**WHAT TO DO:**
All the lines below need retyping exactly, apart from the images.

### COLLECTED DATA

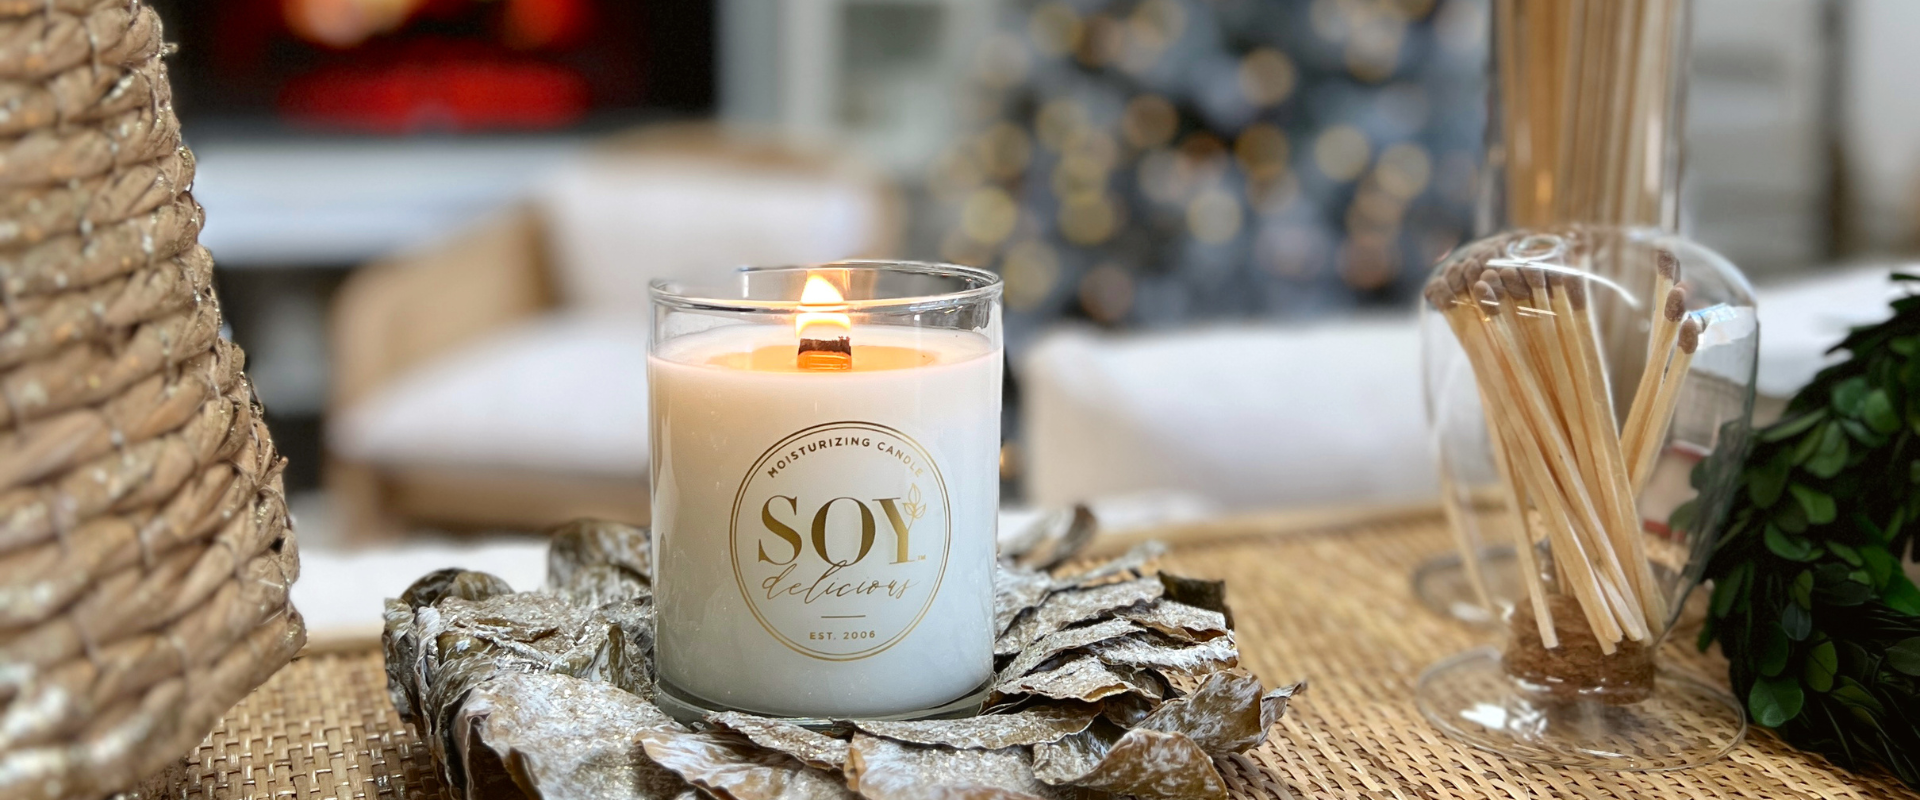 2022 Soy Delicious Candle Gift Guide: The Best Candle Scents for Your Family
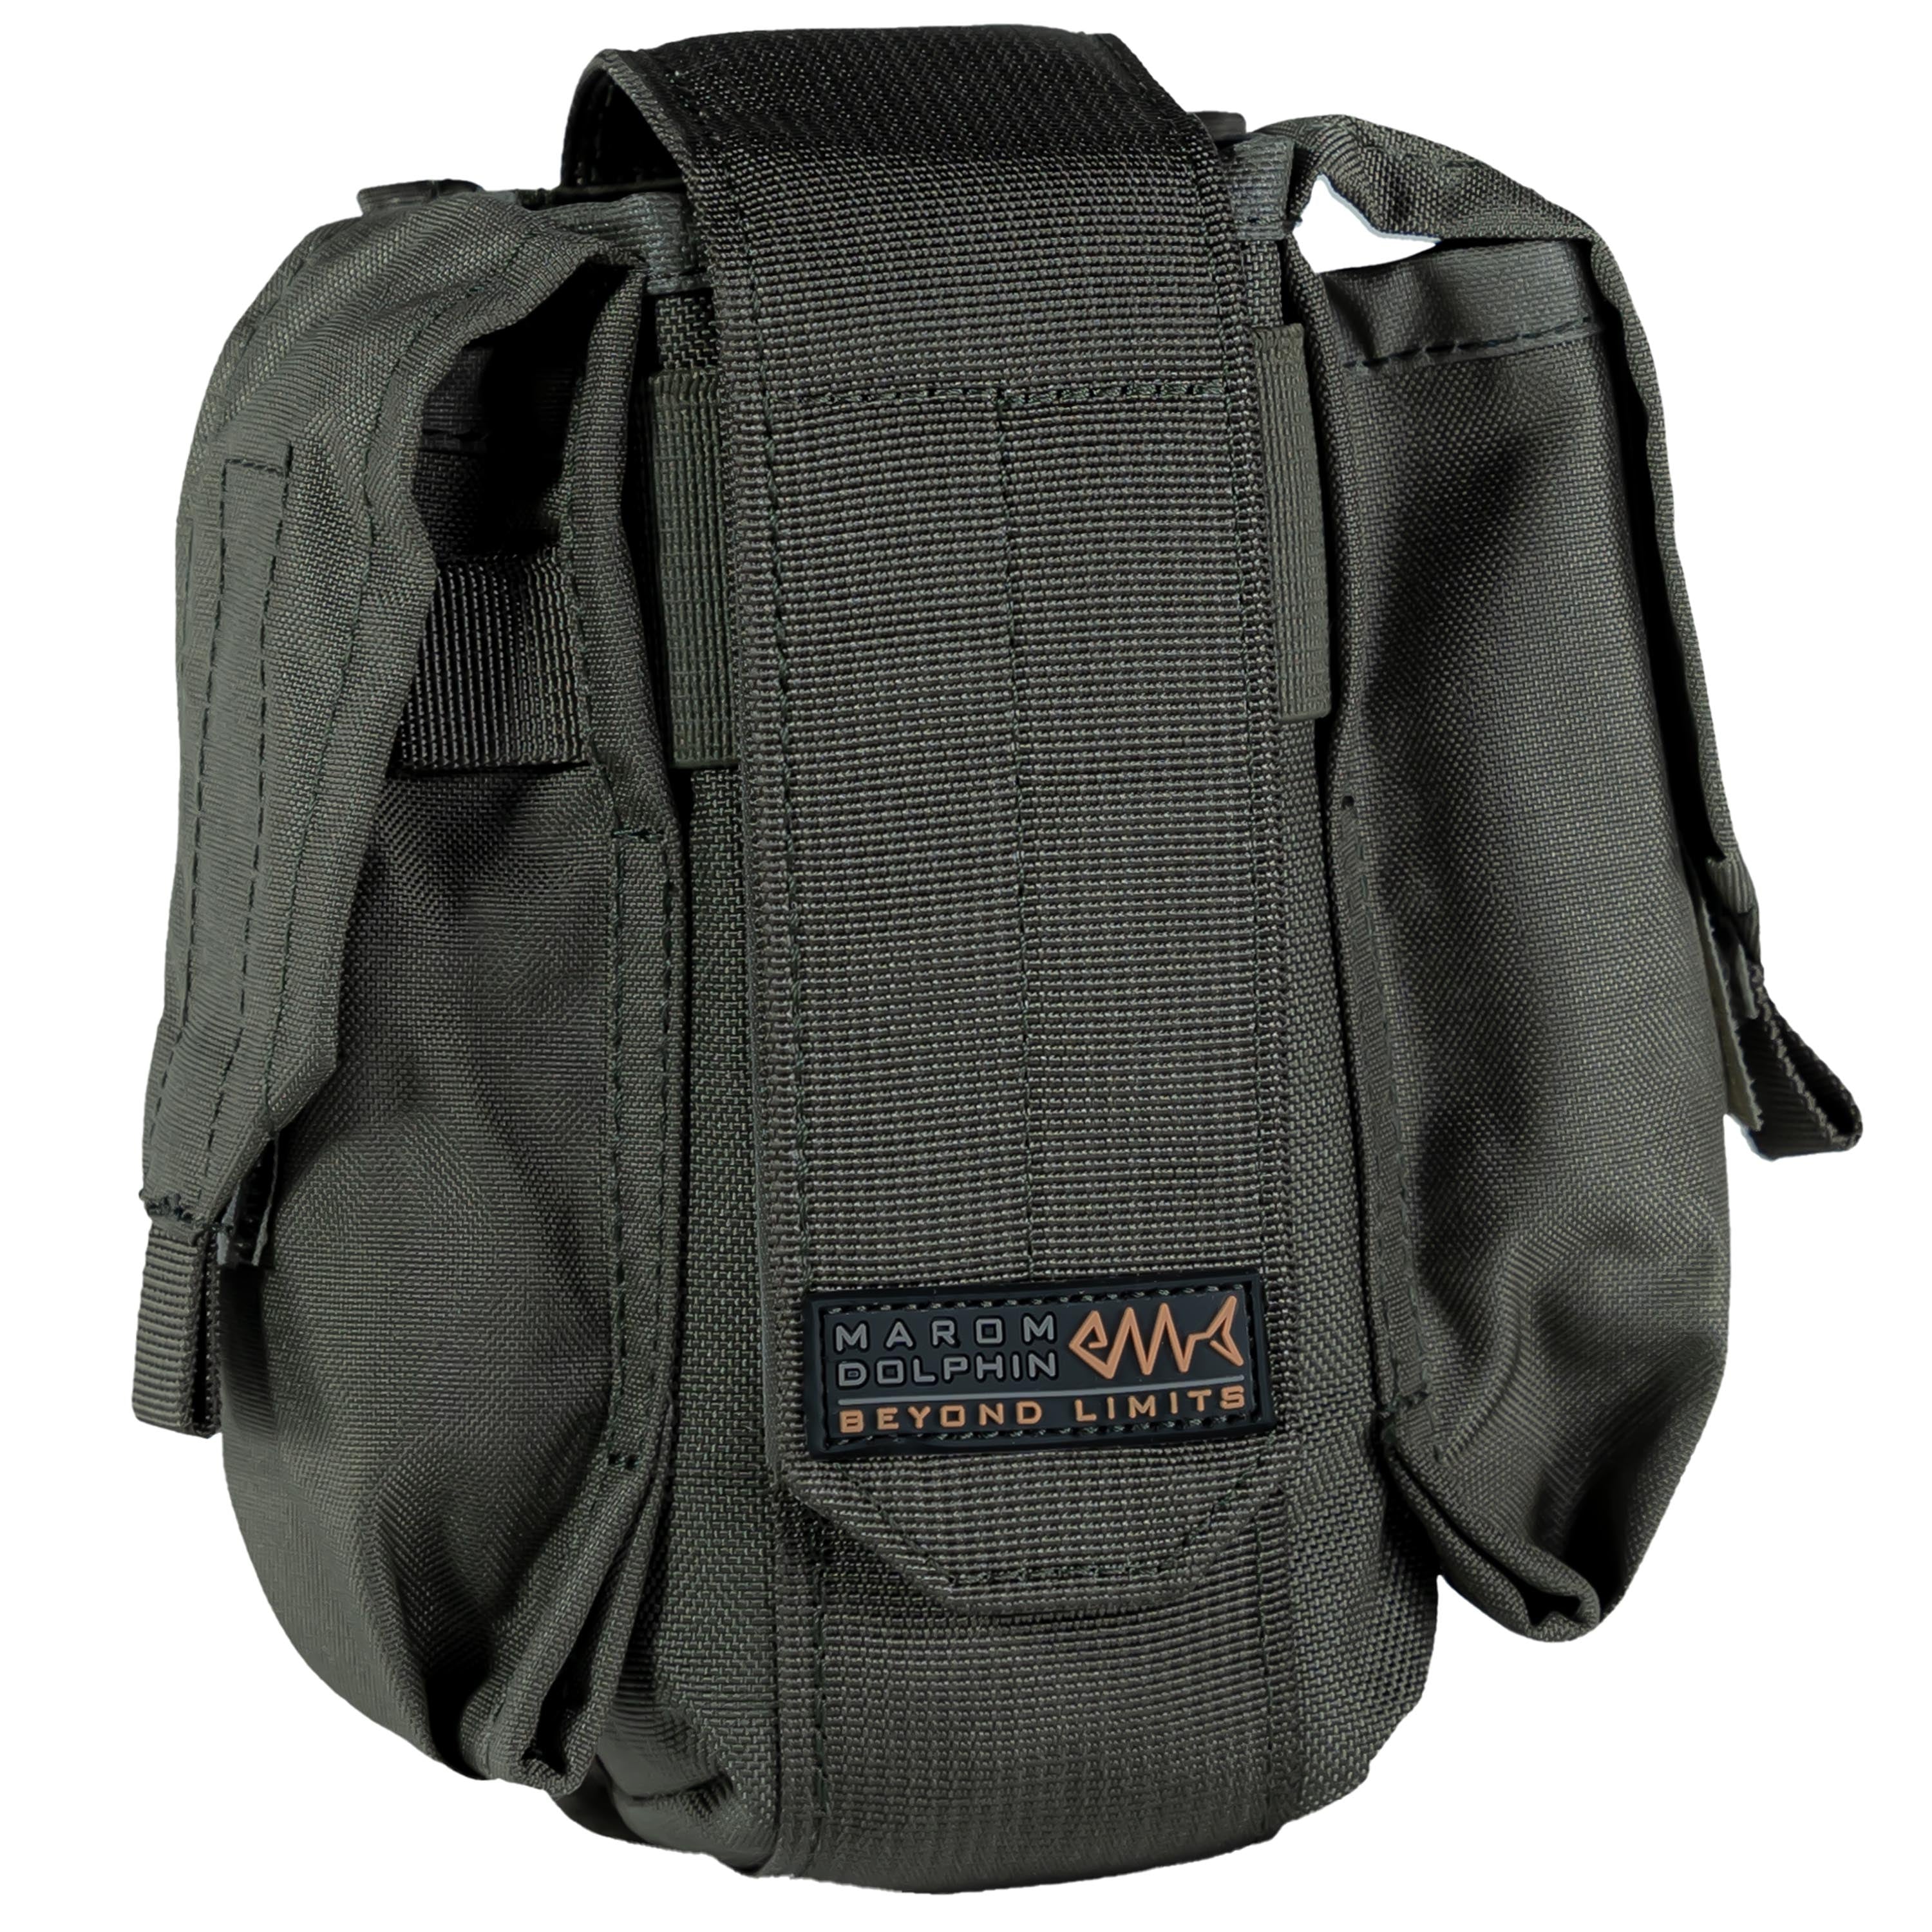 M4 Double Magazine MOLLE Pouch with pockets
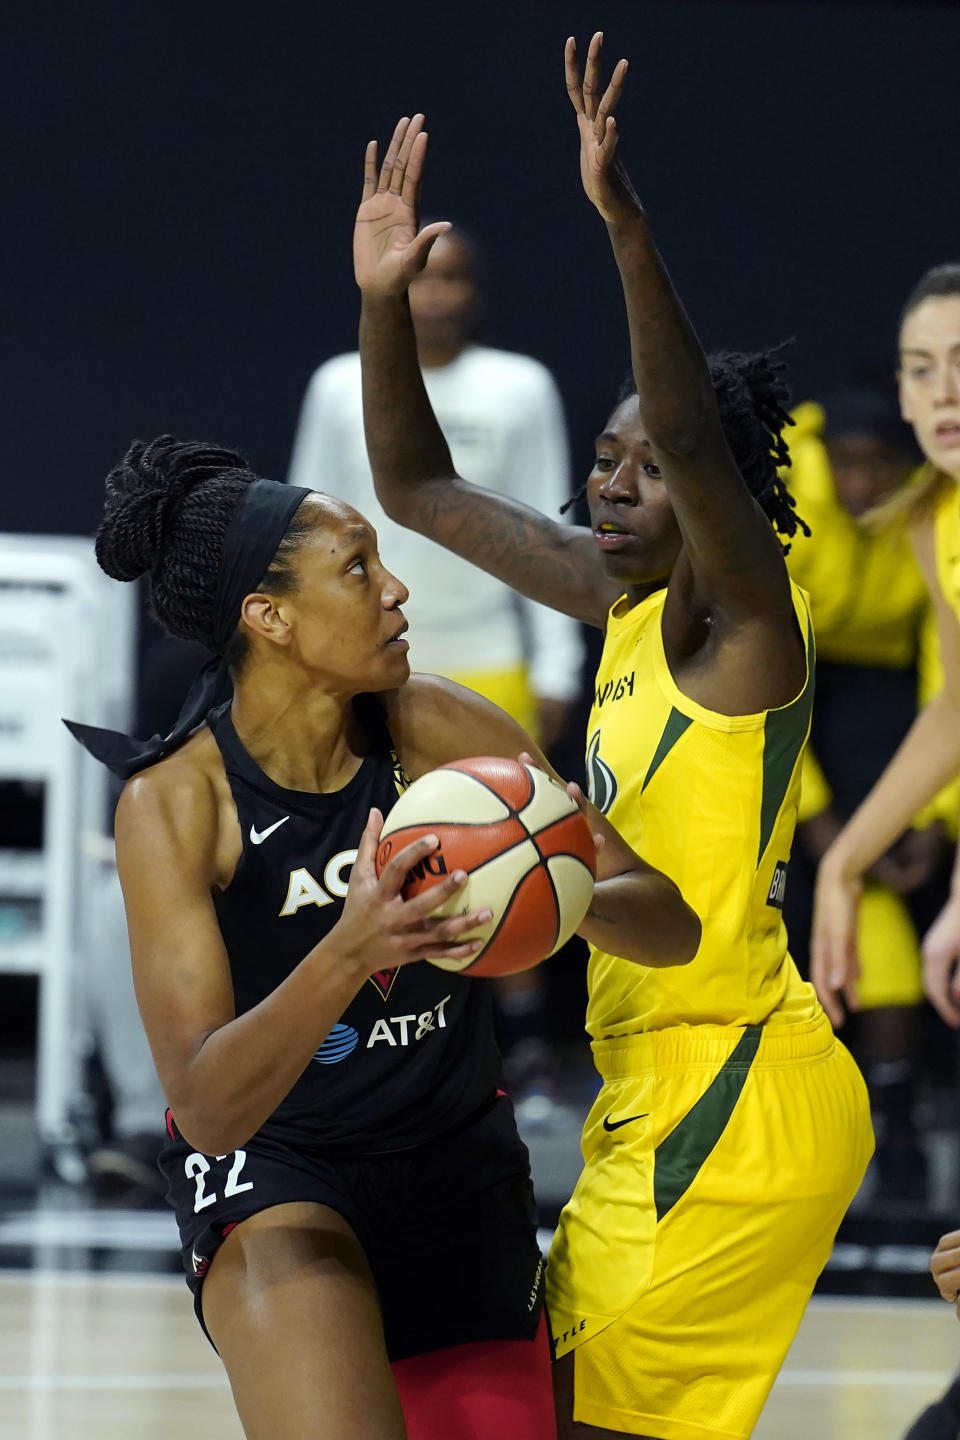 Las Vegas Aces center A'ja Wilson (22) goes up against Seattle Storm forward Natasha Howard (6) during the first half of Game 1 of basketball's WNBA Finals Friday, Oct. 2, 2020, in Bradenton, Fla. (AP Photo/Chris O'Meara)
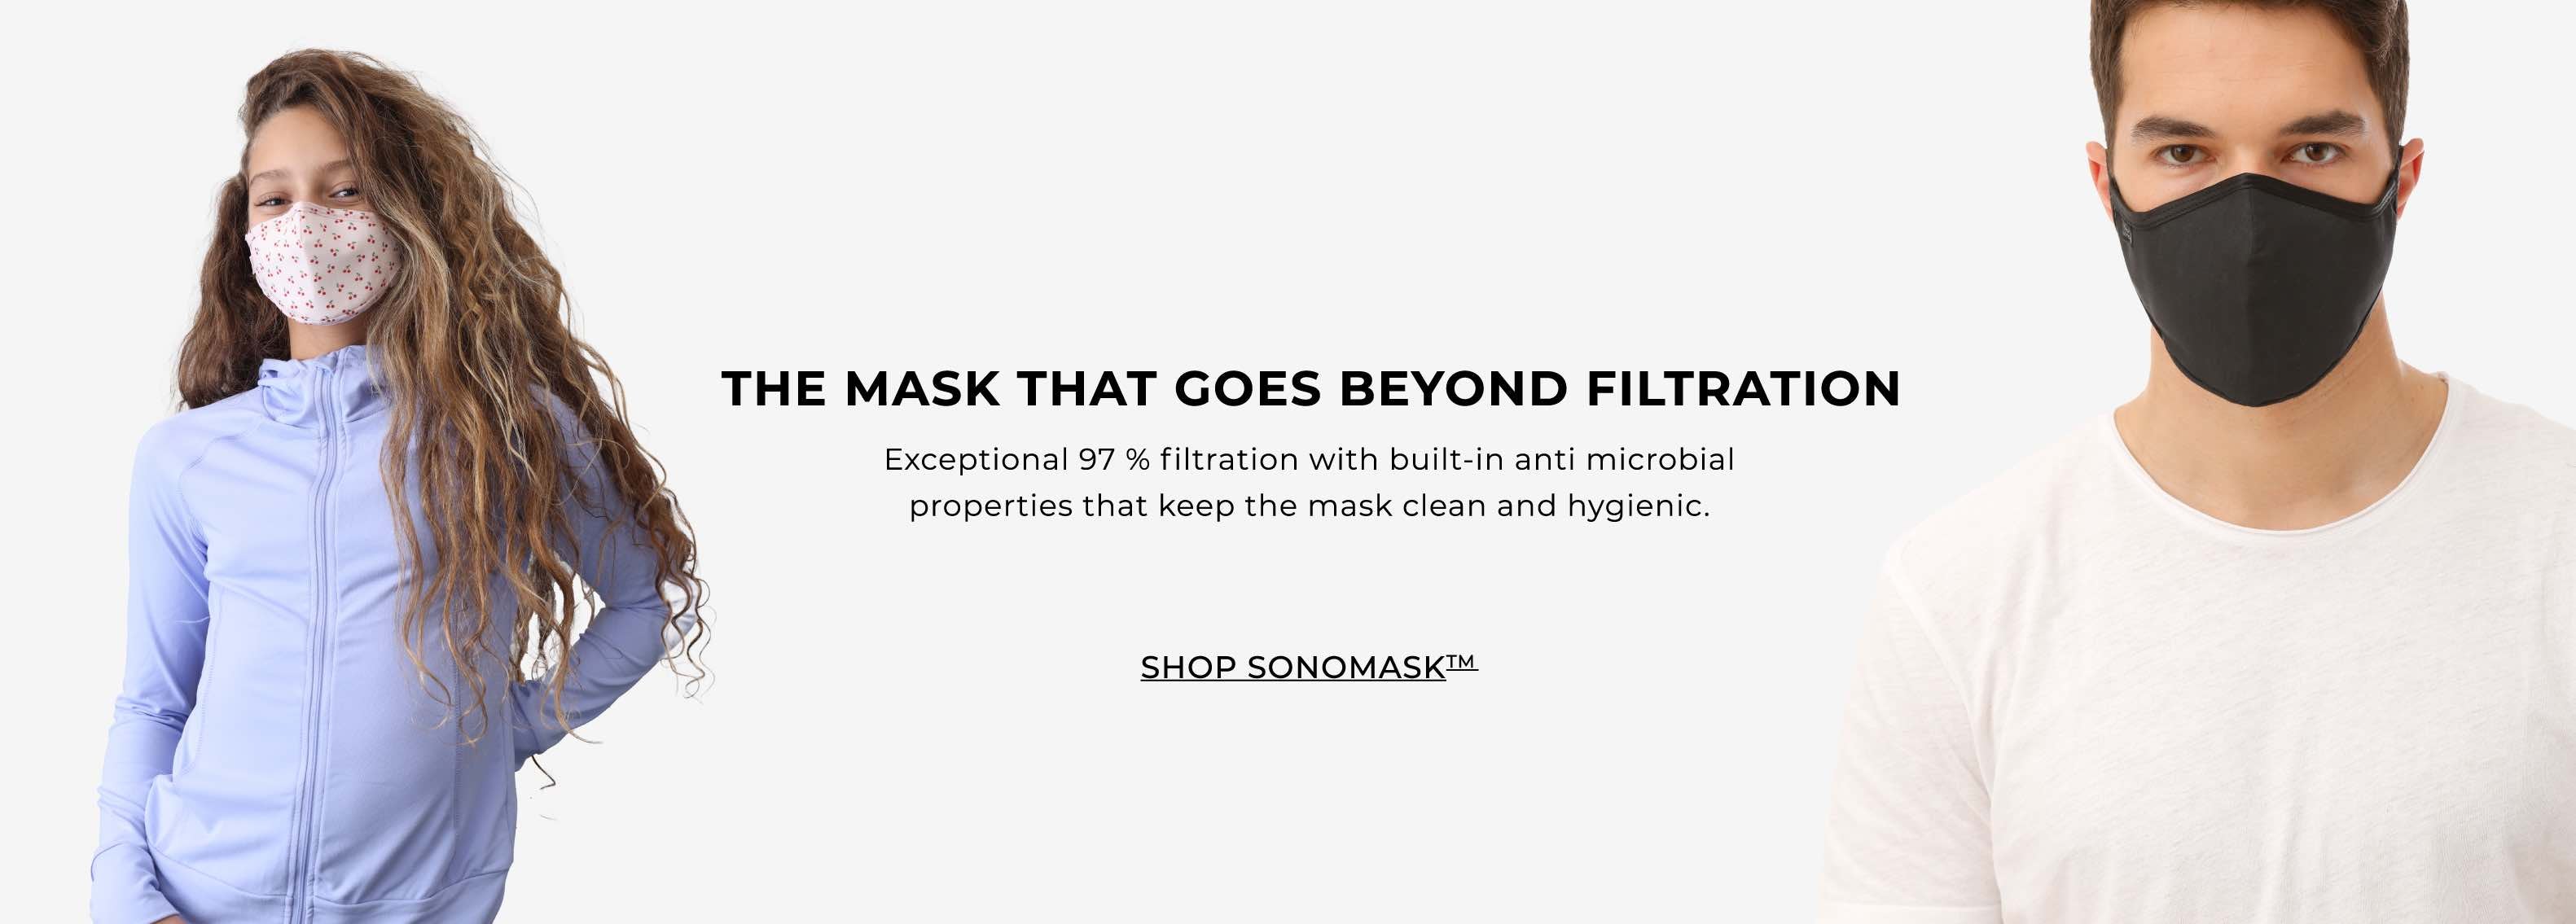 the mask that goes beyond filtration

######

**ANSWER TO THE EXERCISE:**
 2022 Soy Delicious Candle Gift Guide: The Best Candle Scents for Your Family
 M4 Double Magazine MOLLE Pouch with pockets
 Las Vegas Aces center A'ja Wilson (22) goes up against Seattle Storm forward Natasha Howard (6) during the first half of Game 1 of basketball's WNBA Finals Friday, Oct. 2, 2020, in Bradenton, Fla. (AP Photo/Chris O'Meara)
 the mask that goes beyond filtration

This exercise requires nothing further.